August 26, 2011 at 2:40 PM #190638
Not to be too harsh but – what makes this a professional short film? Did some one pay you to film and produce it? Again, not to be harsh but you state – “When I watch it, my only change would be to add more jokes” – really? What about sound, color balance, lighting, acting, the truck engine that starts out of nowhere as Man Man leaves on his scooter, the female coughing at the end of the joke or her bad wig she is wearing? My thought is that it needs a lot of work – sorry I am sure that wasn’t what you wanted to hear but you asked.
I am really curious though why you think this isshould be considered a professional film.
August 26, 2011 at 10:52 PM #190639
I hope nobody spent money on that. Keep shooting, keep loving it, and keep growing. Looks like you had fun making it. Never lose that.
August 27, 2011 at 12:10 AM #190640
This is by no means ‘Pro’. YouTube Special, definitely. You need lights for your interior scenes, at minimum reflectors or bounce cards for your exteriors, consider doing voice-overs for your vocal tracks and lots more camerawork. Student film at best right now.
On the other hand, a clever idea with lots of potential. Do as Grinner said, ‘keep shooting’. Push the envelope with this thing. Believe it or not, ‘Average’ has a lot of lattitude and you can make this thing the hilarious series it could be, if you go out to the edges with your writing. Pro? Not yet. But the potential is there so you’re ahead in the game.
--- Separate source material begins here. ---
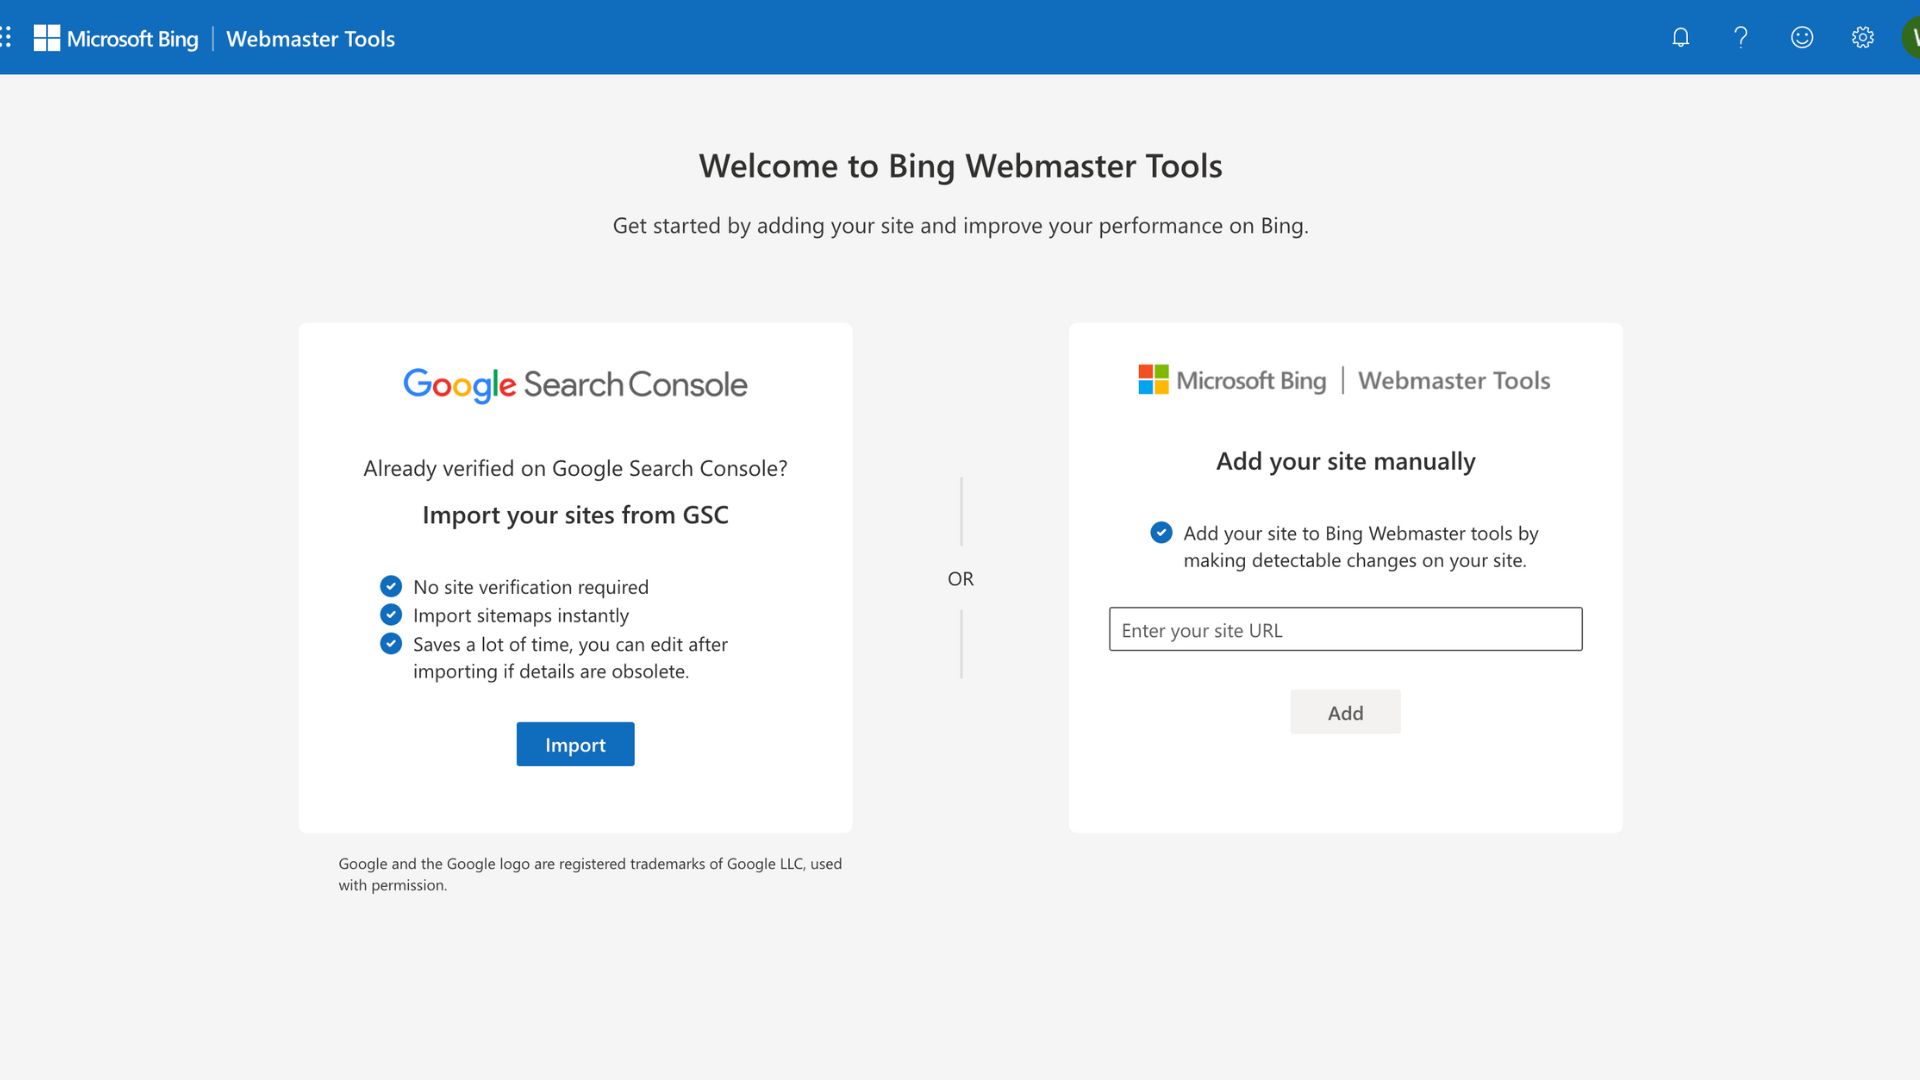 Getting started with Bing Webmaster Tools
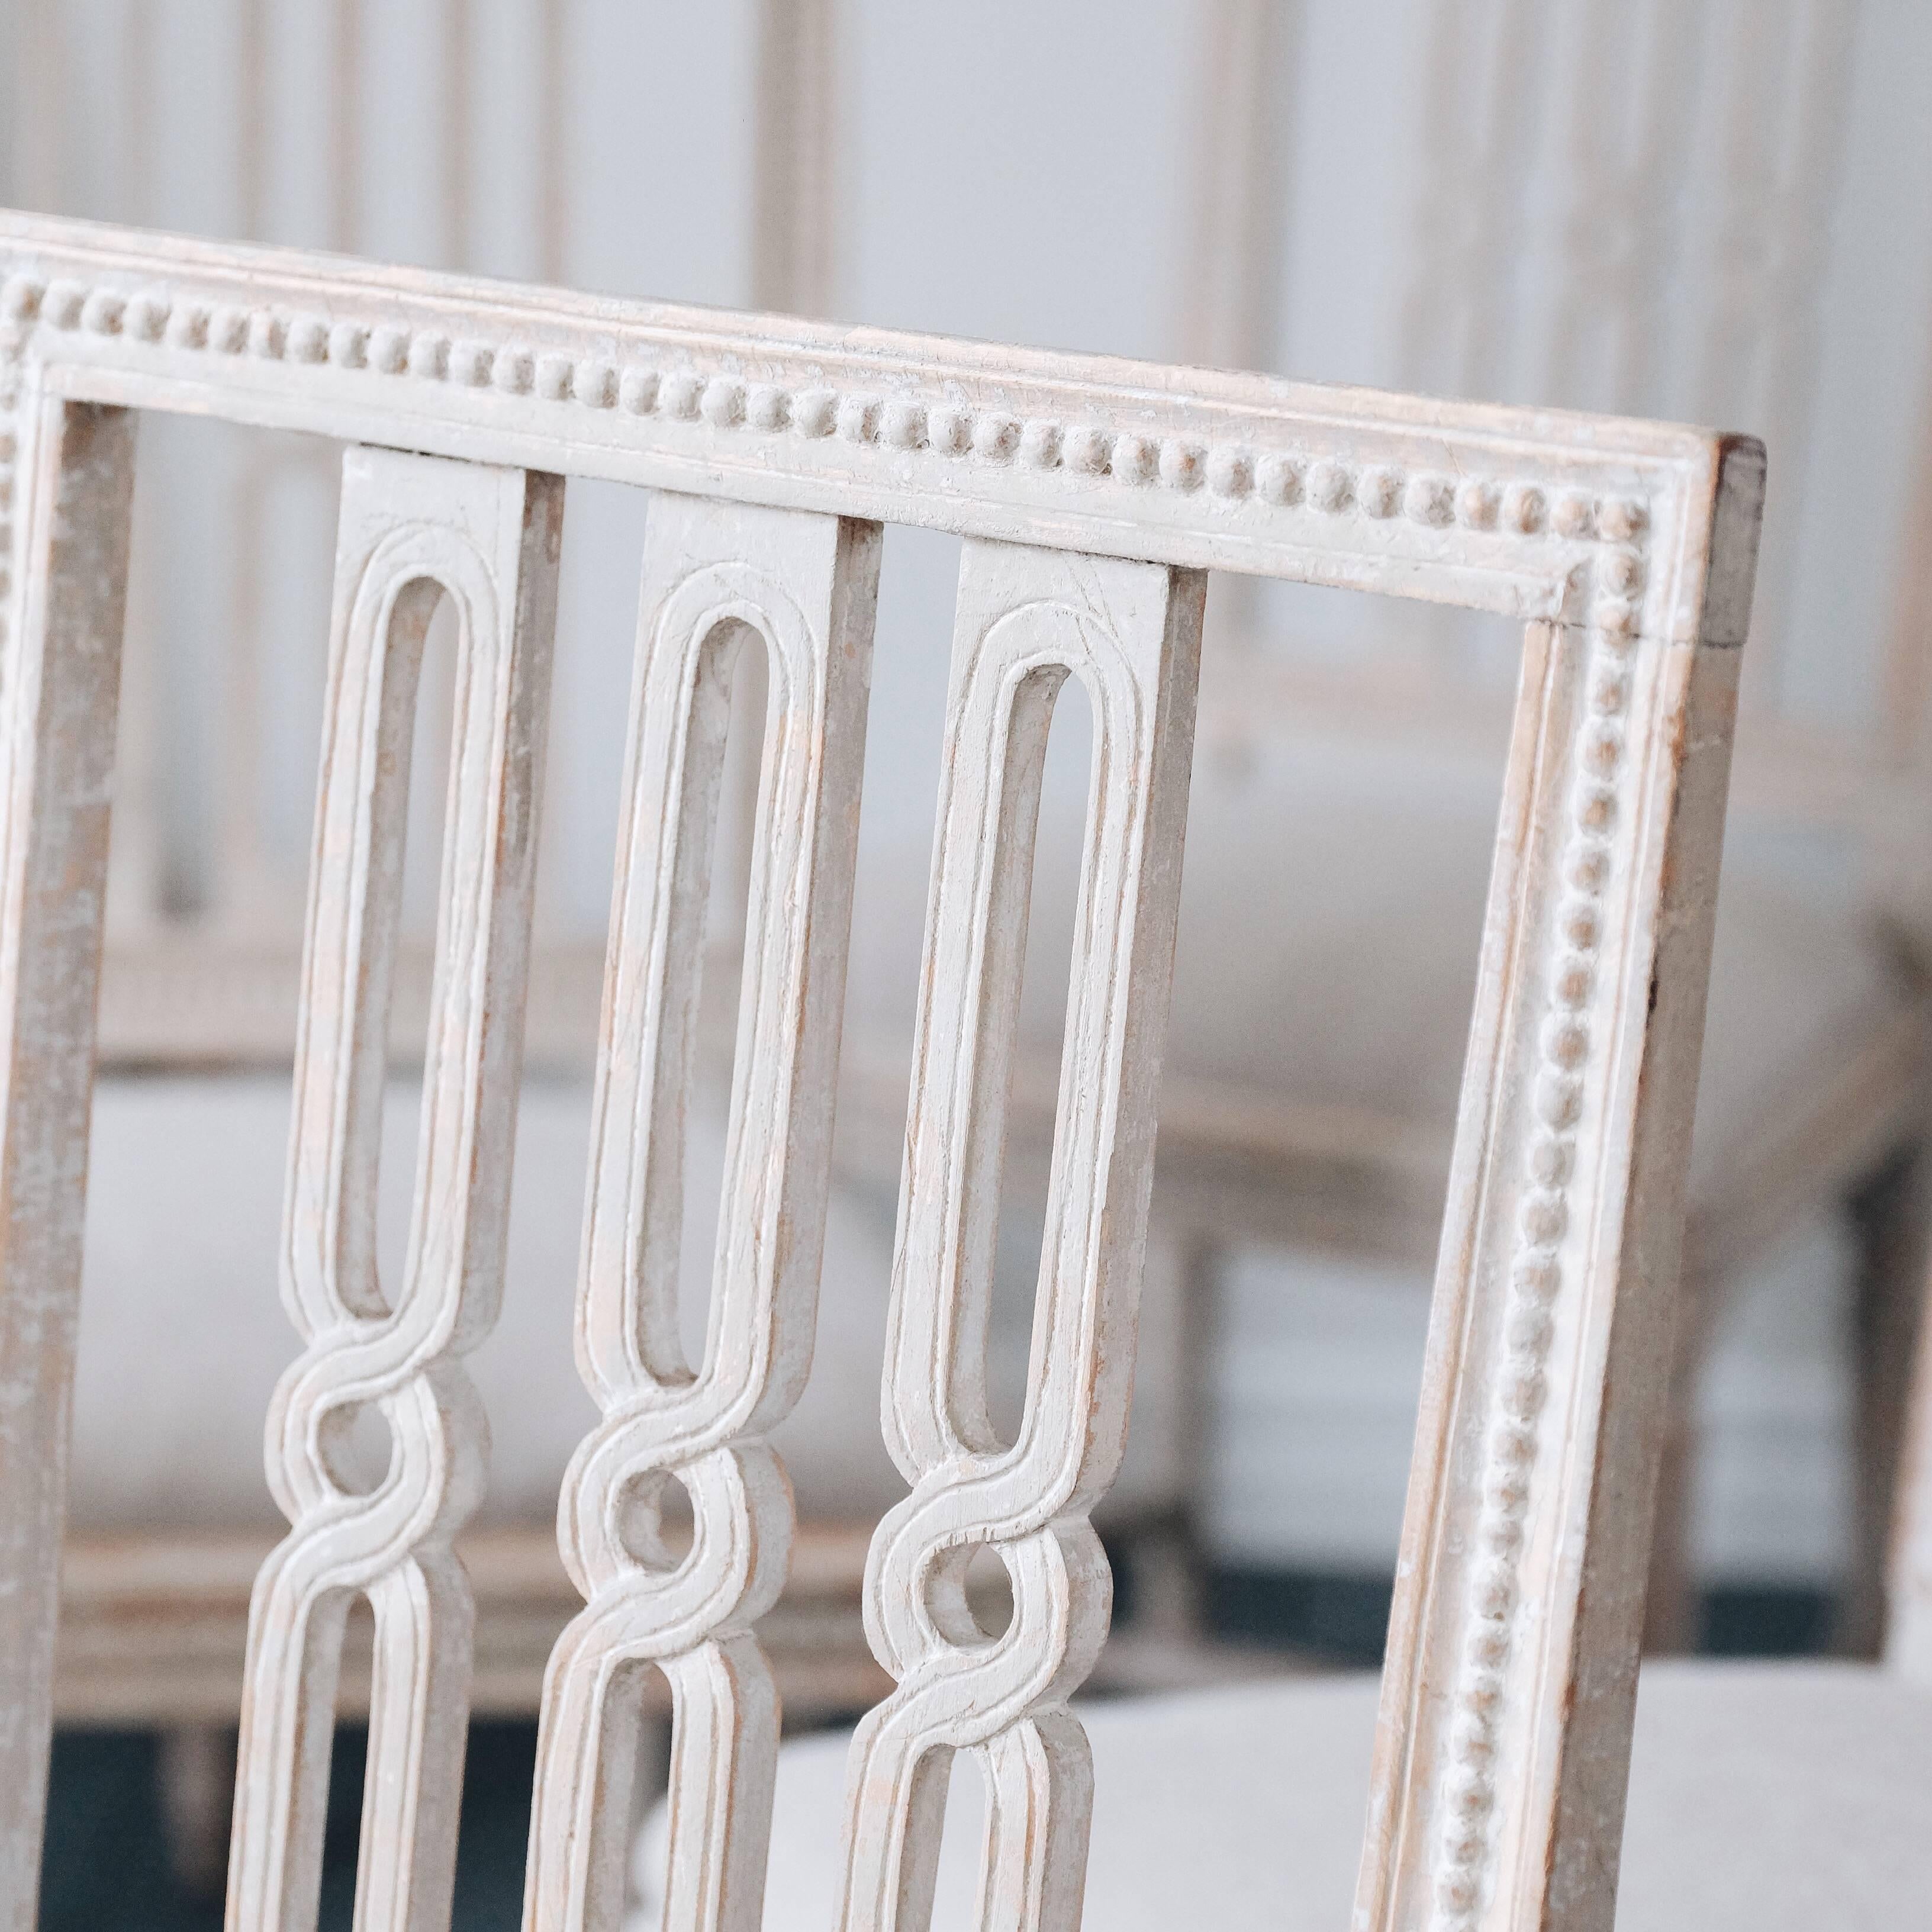 A fine and original set of six 18th century Gustavian period dining chairs in outstanding quality. They have been expertly dry scraped to the original surface showing the original pearl grey colour. Stamped with the Stockholm chair makers guild and

August 27, 2011 at 12:45 PM #190641
I would echo what the others have said but take heart in that these criticisms are very constructive and can be solved using technical means and practice in filming and editing (while others will argue the point, you can fix a wealth of issues in post, just takes a lot longer than if you have it good on tape first time).
What you do have is a story (albeit not one I would watch twice) and some vision of what you want to say and show – Try to develop that as it is not only a good thing to have in creating video, but in still photography, writing and public speaking and will serve you well in future years.
Hone your technical skills and spend time developing your minds eye and practice, practice, practice at bringing those two things closer to excellent.